- **TASK INSTRUCTIONS**:
When you copy from the entries that follow, take only the lines from the one with "Rycote Grey Ristretto" down to the one with "2011 Nissan Murano", keeping both ends and dropping every picture.

(Records from a data source)
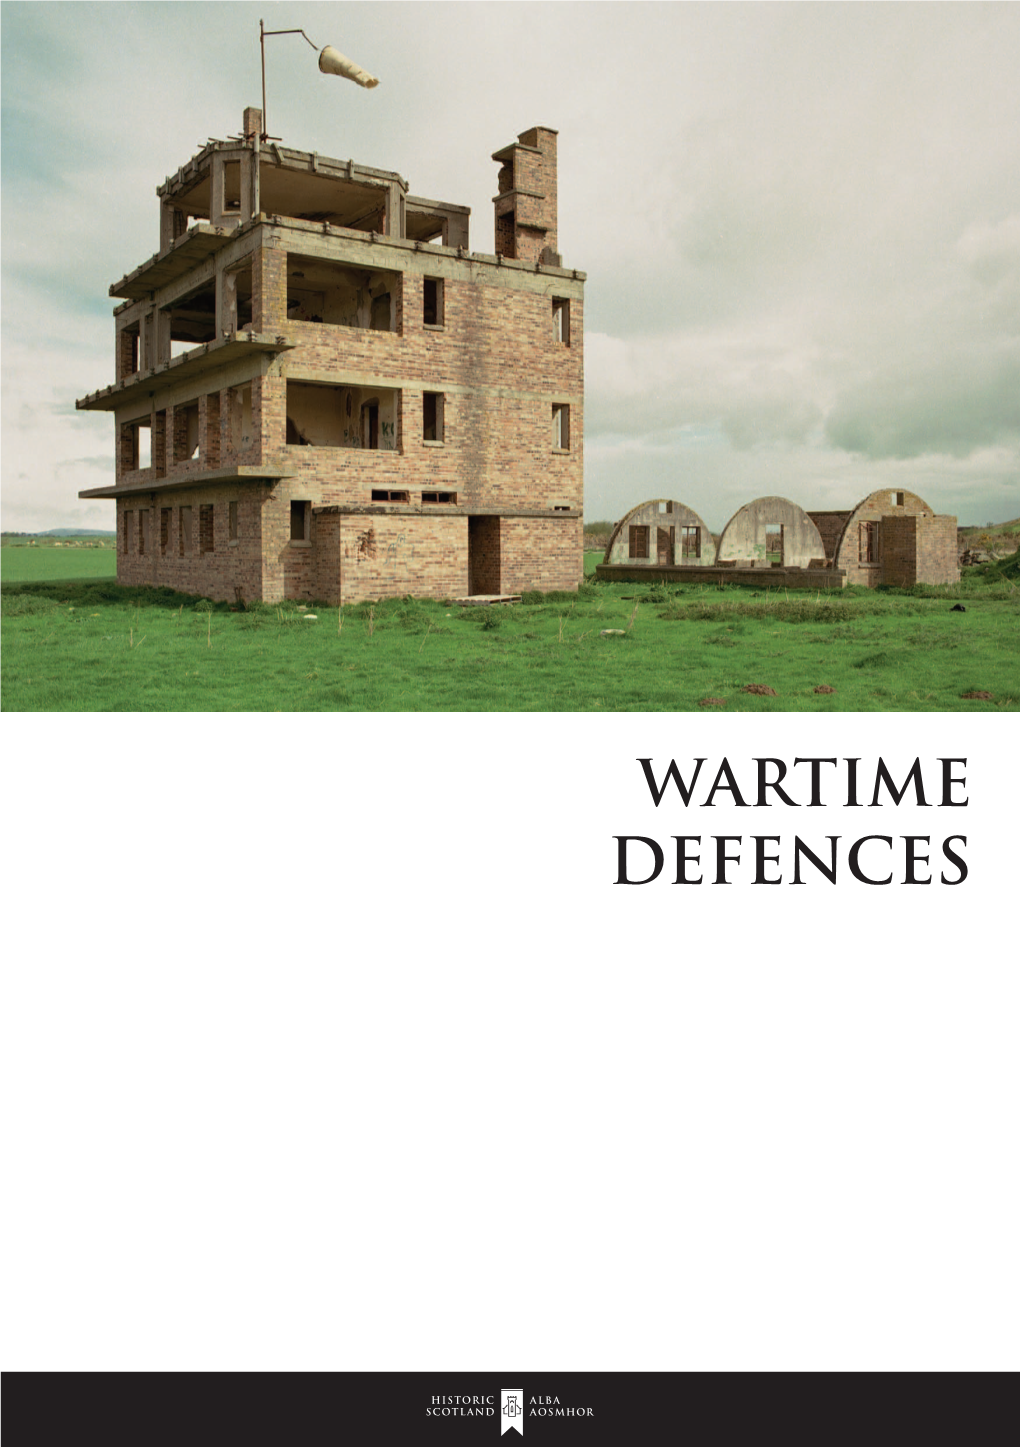 WARTIME DEFENCES He Story of Wartime Defences Tin Scotland in Recent Centuries Begins with Martello Towers
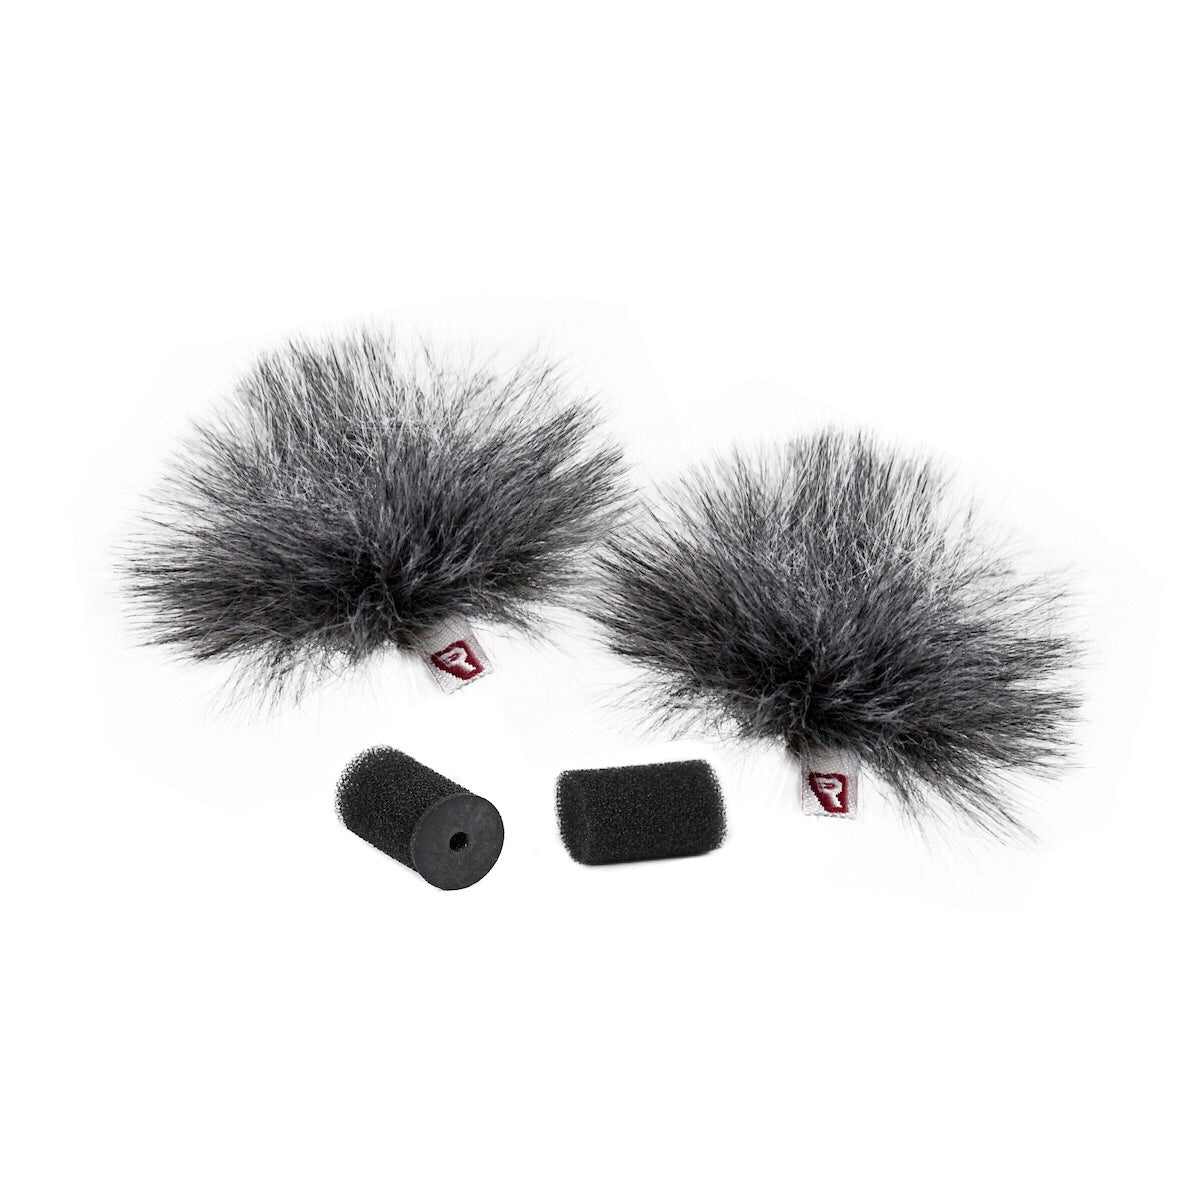 Rycote Grey Ristretto Lavalier Windjammer, Pair, Synthetic Fur
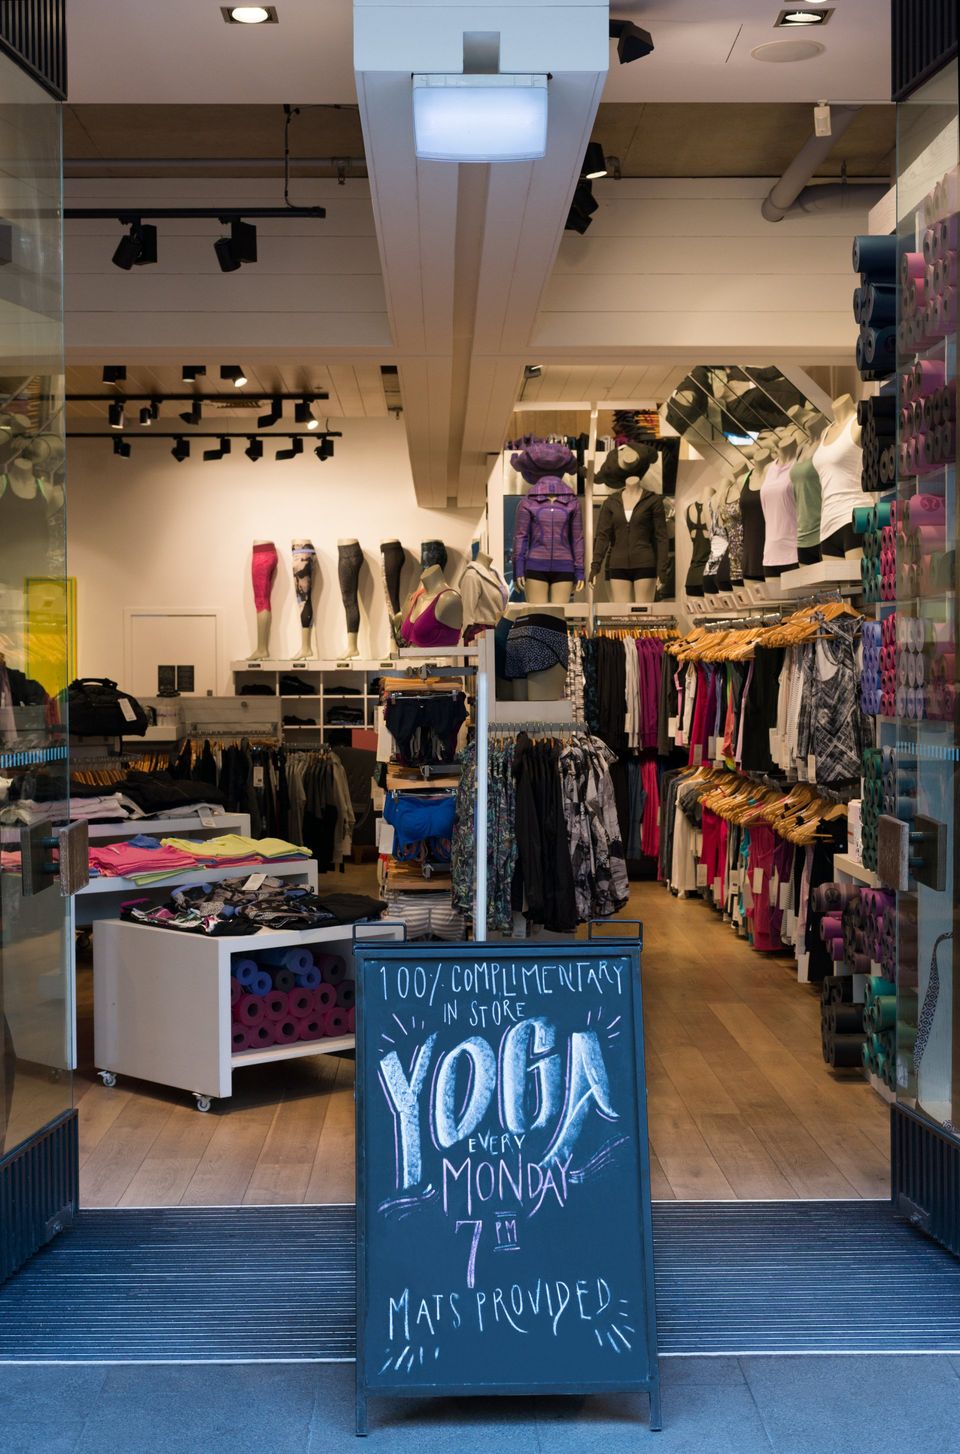 LuluLemon is known for in store community events lead by local fitness coaches aka Ambassadors
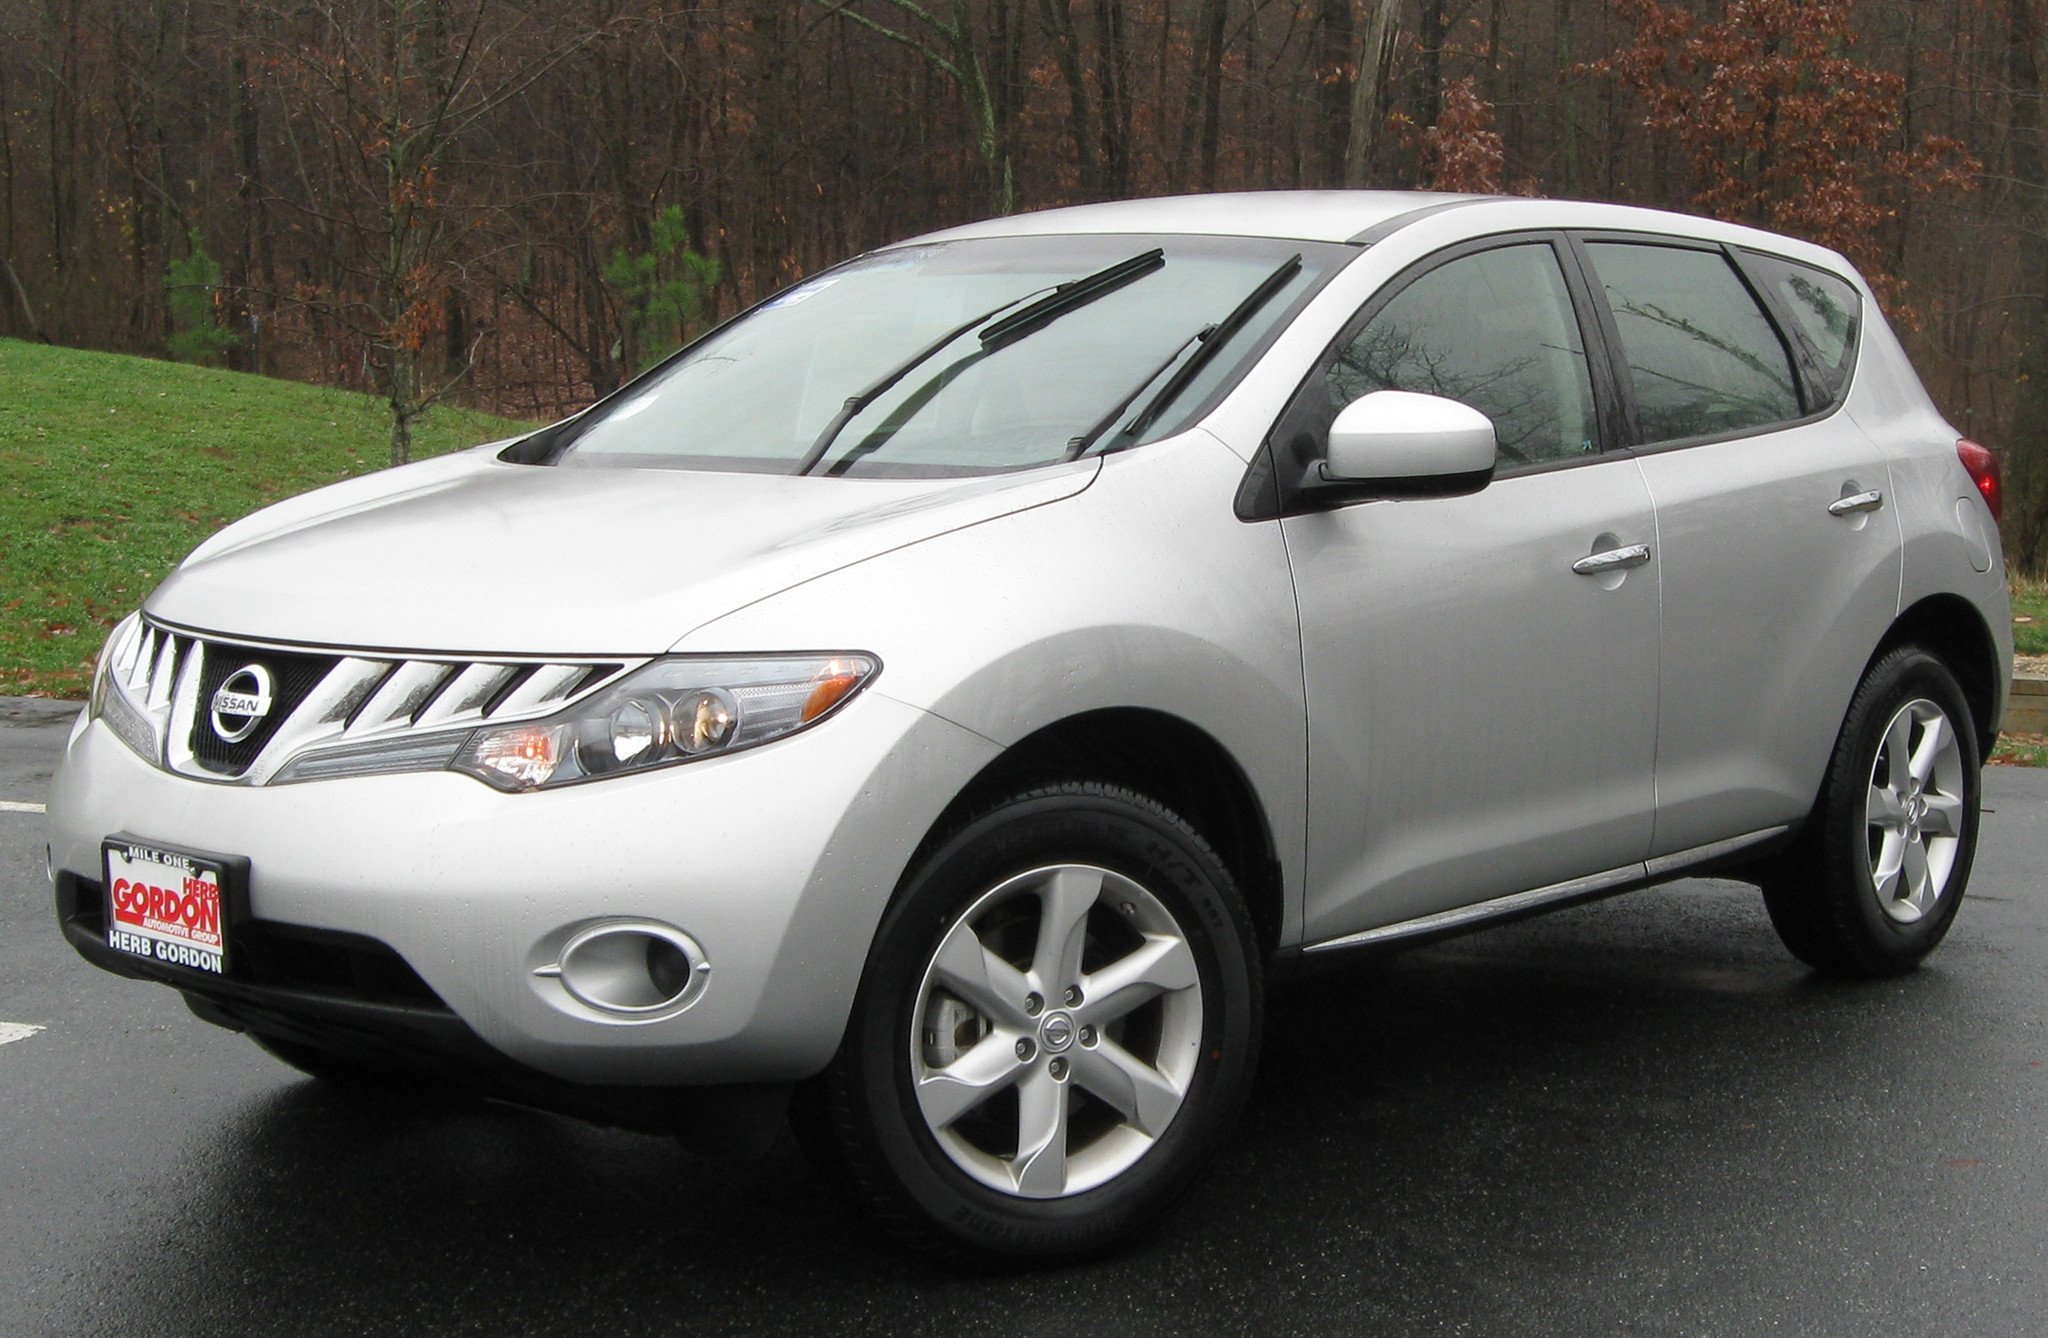 2011 Nissan Murano Cross Cabriolet Z51 Series Factory Service Repair Manual INSTANT DOWNLOAD
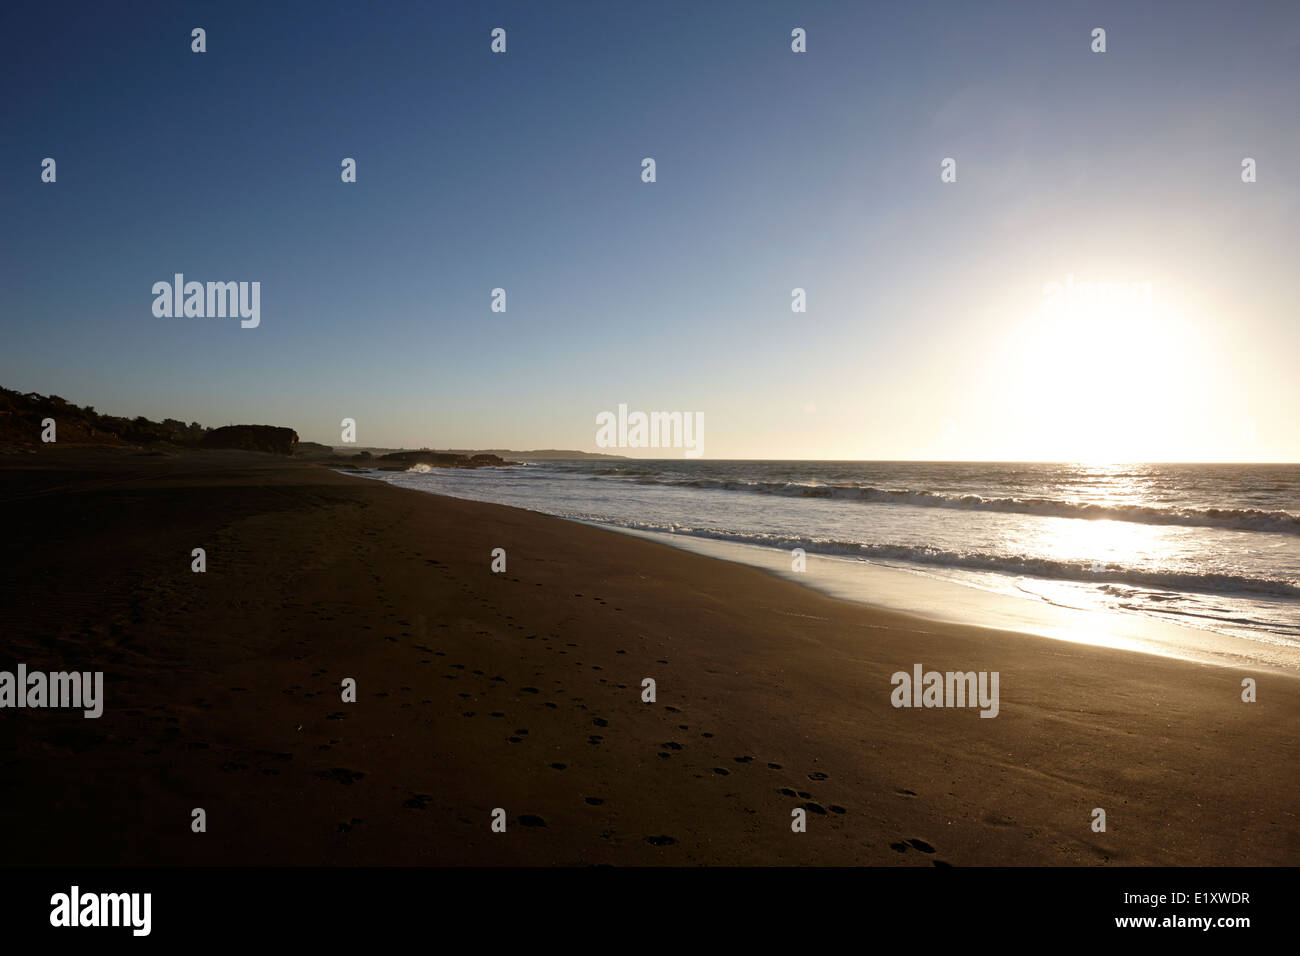 sun setting over sandy beach on the pacific ocean los pellines chile Stock Photo

- **YOUR SOLUTION**:
 Rycote Grey Ristretto Lavalier Windjammer, Pair, Synthetic Fur
 LuluLemon is known for in store community events lead by local fitness coaches aka Ambassadors
 2011 Nissan Murano Cross Cabriolet Z51 Series Factory Service Repair Manual INSTANT DOWNLOAD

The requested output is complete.